Medellín, Botero's birthplace, has declared a week of mourning in honor of the artist. The city's mayor, Daniel Quintero, expressed that Botero's life, work, and love for Medellín and Colombia will endure forever. Born in 1932, Botero studied in Madrid before moving to Paris and Florence. It was during his time in Europe that he drew inspiration from the works of Old Masters like Goya and Velázquez.

In 1960, Botero settled in New York and later returned to Paris in the 70s, where he began creating sculptures alongside his paintings. His art often explored themes such as drug-related violence in Colombia, as seen in his notable work "The Death of Pablo Escobar" from 1999. This painting depicts the fatal shooting of the Colombian drug lord. Botero's renowned series "Abu Ghraib" from 2005 shed light on the torture of Iraqi detainees by US soldiers in the Abu Ghraib prison.

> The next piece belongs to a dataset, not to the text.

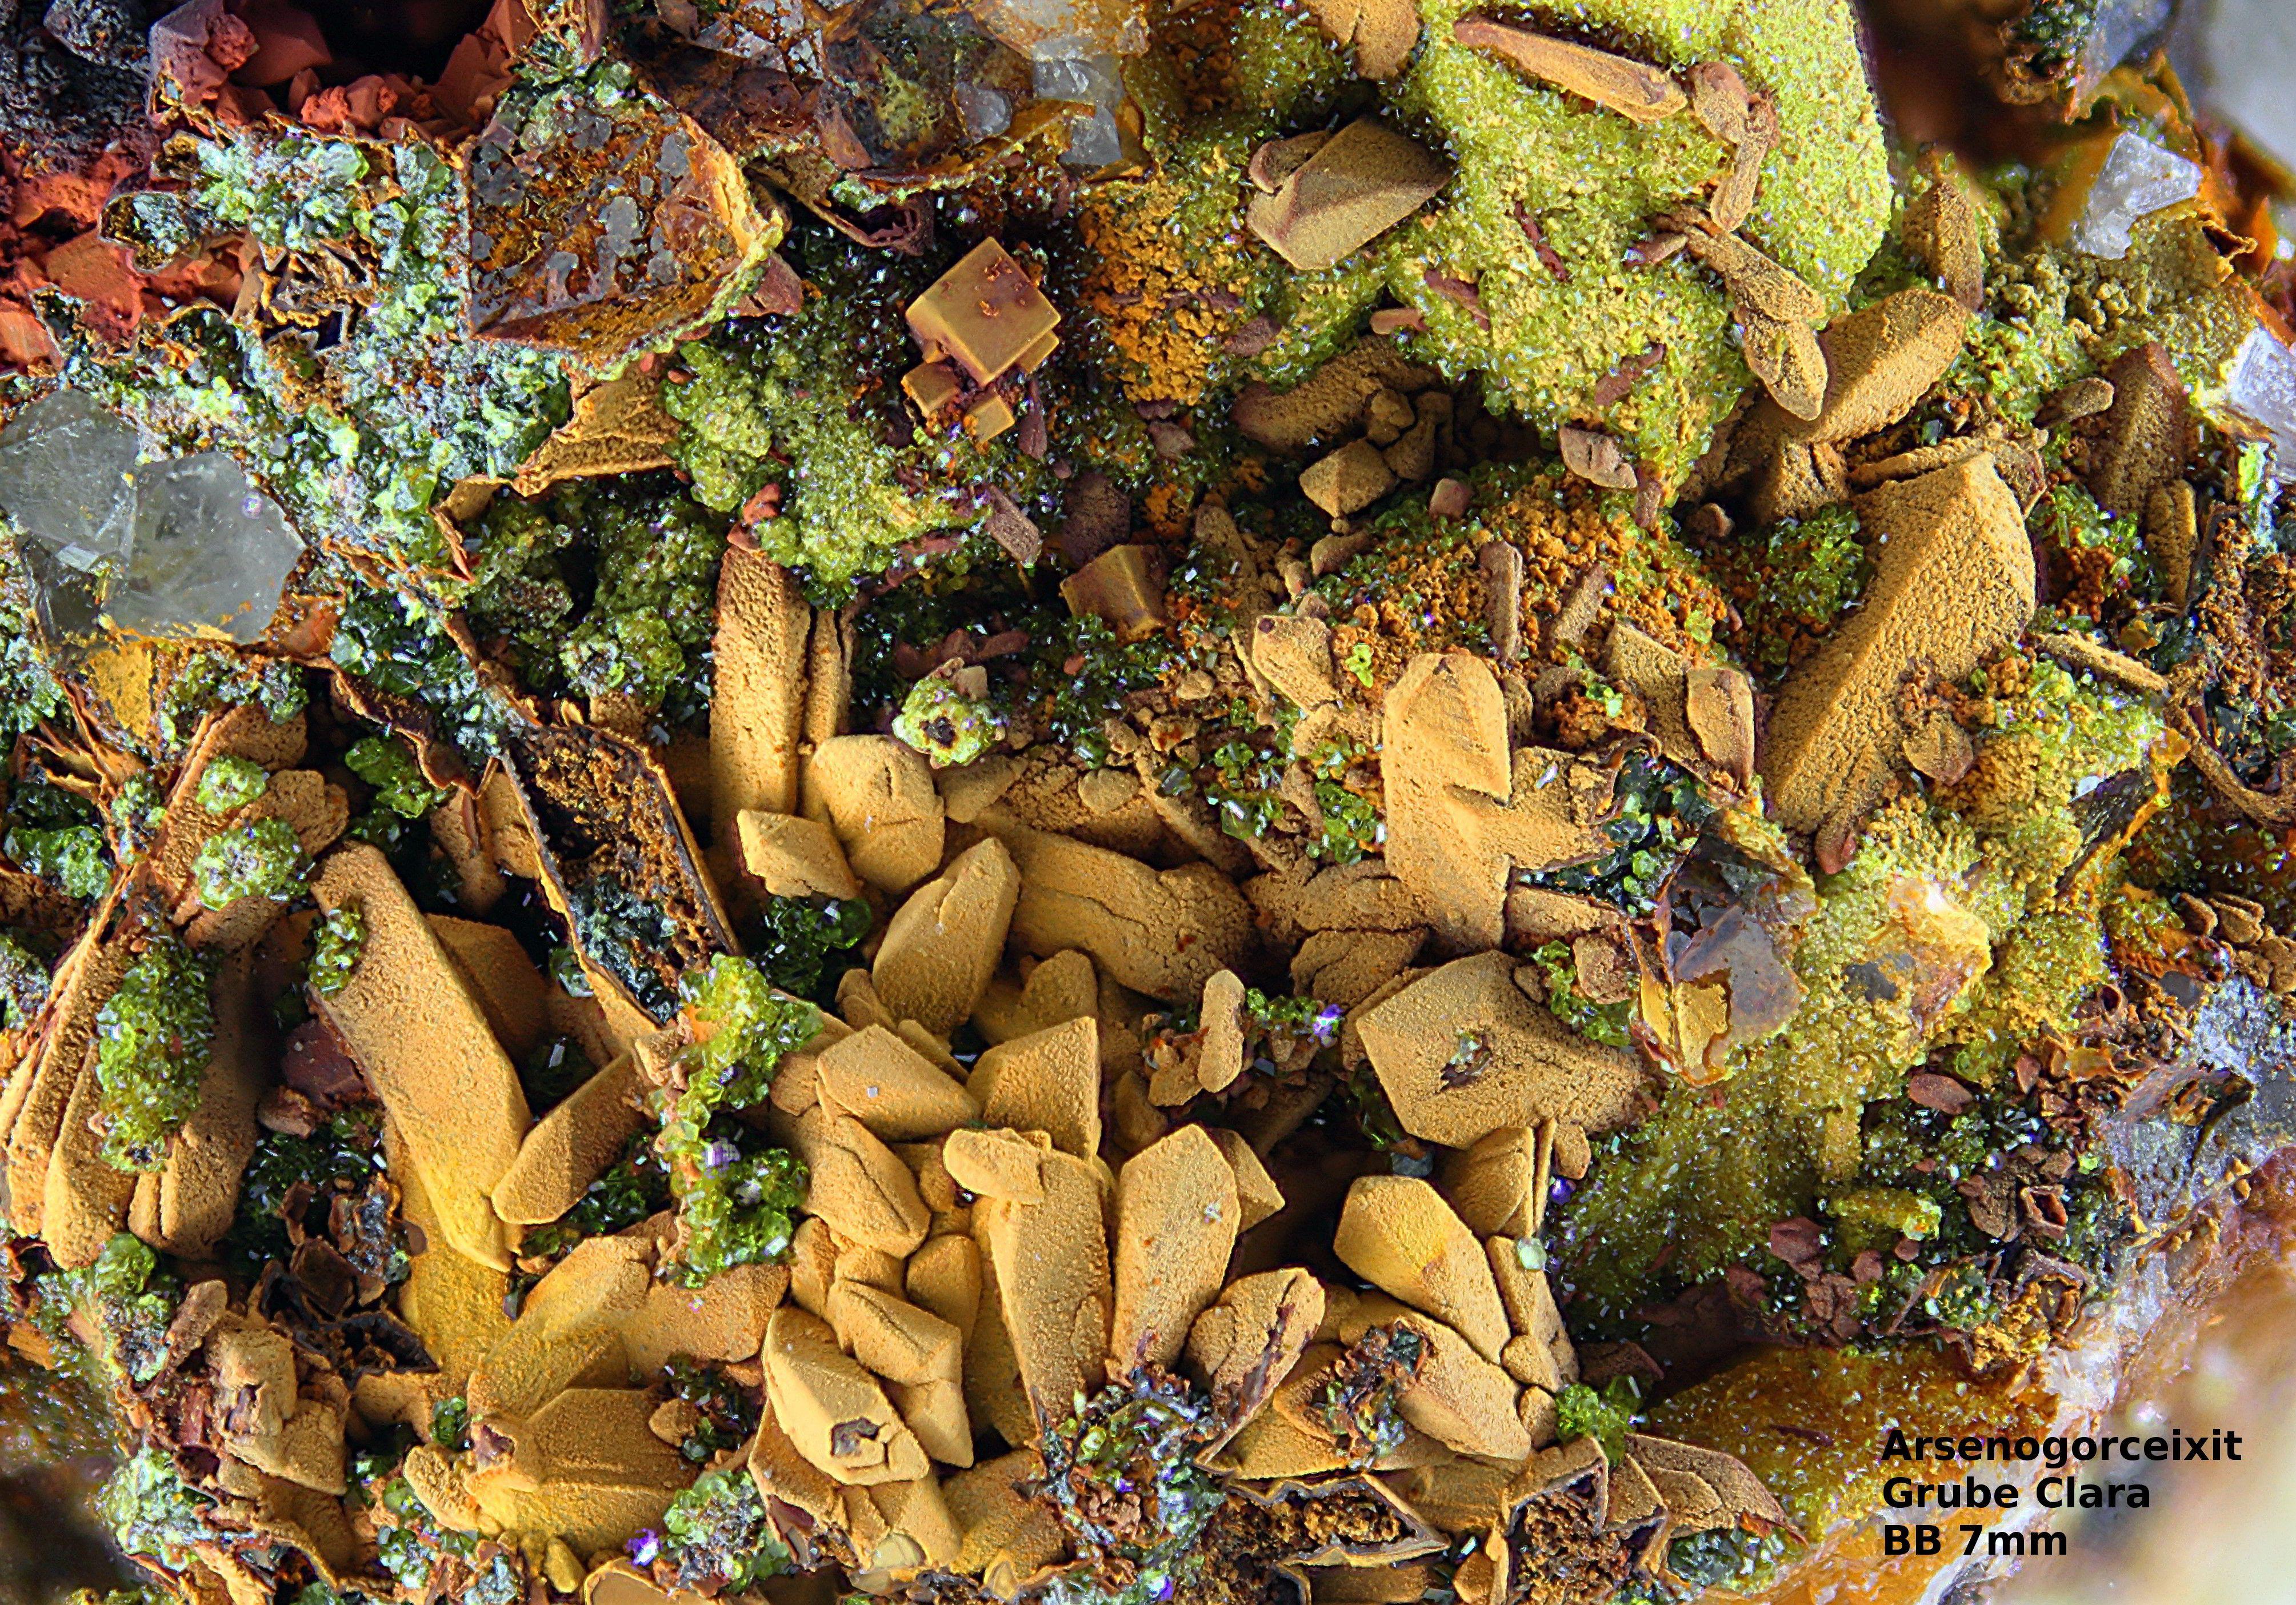 Arsenogoreixit    Clara Mine, Rankach valley, Oberwolfach, Wolfach, Black Forest, Baden-Württemberg, Germany Copyright © Stoya

His sculptures can be found not only in his hometown of Medellín but also in various cities worldwide, including London, Madrid, Barcelona, and Seattle. Botero once expressed his belief that art should bring pleasure and evoke positive emotions, even in the face of dramatic subjects. He acknowledged painting violence, torture, and the passion of Christ but emphasized the unique pleasure found in such dramatic works.

Fernando Botero's legacy as a celebrated Colombian artist will be remembered and cherished, as his works continue to captivate audiences and provoke thought.